Market Commentaries   |   April 9, 2024

Global Asset Allocation Team Market Update – April 2024

The first quarter wrapped up on a positive note, with solid growth data in the United States offsetting the environment of still-hot inflation and the latest Fedspeak that has reinforced bets officials will be in no rush to cut interest rates. Hopes for a so-called “soft landing” catalyzed a market rally that sent many global indices to new record highs. 

Jean-Guy Desjardins
Chairman of the Board and Global Chief Executive Officer
Candice Bangsund
Vice President and Portfolio Manager, Global Asset Allocation and Private Markets Solutions

Global stock markets notched their fifth straight monthly gain in March, with the MSCI All Country World gaining nearly 3.0%. The S&P 500 rose 3.1%, while the S&P/TSX added 3.8% – with strength in the heavyweight energy and materials sectors driving Canadian equity outperformance last month. Both the S&P 500 and the S&P/TSX ended the first quarter at record highs.
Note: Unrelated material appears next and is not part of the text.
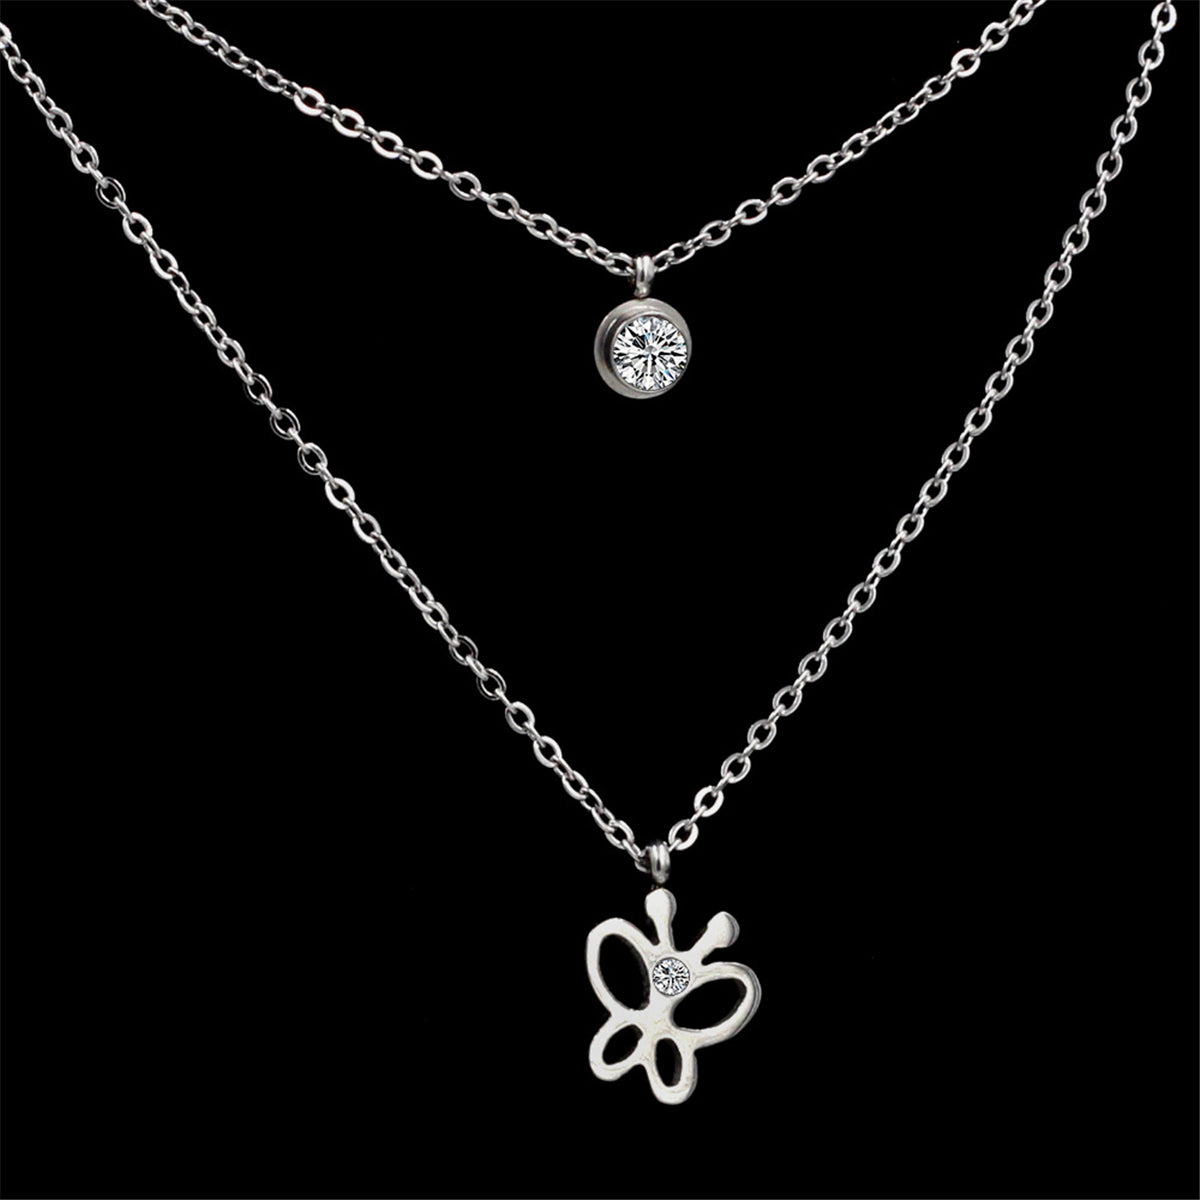 Cubic Zirconia & Silver-Plated Butterfly Layered Pendant Necklace

Elsewhere, the MSCI EAFE advanced 2.8%, while the MSCI gauge of emerging market equities gained 2.2%, with underperformance driven by Chinese stocks after an underwhelming stimulus announcement at the National People’s Congress. 

Fixed income markets also generated positive results in March as investors digested comments from Federal Reserve officials who reiterated that the central bank is in no rush to cut borrowing costs. Comments from Governor Waller weighed on the front-end of the treasury curve late in the month after saying the recent data warrants fewer rate cuts and a later start to monetary policy easing. Chair Powell echoed these remarks late in the month, repeating that the central bank isn’t in any rush to cut interest rates as policymakers await more evidence that inflation is contained. Investors have pared back earlier expectations for as much as six cuts this year to fewer than three currently. For the month, the Barclays US Aggregate Bond Index rose 0.9%, while the FTSE Canada Bond Universe gained 0.5%. 

The US dollar (DXY) extended its winning streak in March following comments from Federal Reserve officials who repeated that its premature to cut interest rates. Solid economic data in the United States also buttressed the greenback, with gross domestic product and consumer spending both posting strong advances at the end of 2023 – while consumer sentiment rose markedly toward the end of March. The greenback was stronger versus the yen (-0.9%) and euro (-0.1%), while remaining virtually unchanged versus the pound. The Canadian dollar (+0.3%) managed to buck the global trend and strengthened on the back of the latest rally in crude oil prices. 

On that note, oil clinched its third straight monthly gain and sealed an impressive 16% quarterly advance on the back of bullish tailwinds stemming from lower OPEC+ output and escalating Middle East tensions that have tightened physical market conditions. Finally, gold extended its recent gains to hit a fresh all-time high – fueled by bets for an eventual pivot to rate cuts later in 2024 and amid deepening geopolitical tensions that have boosted demand for the safe haven metal.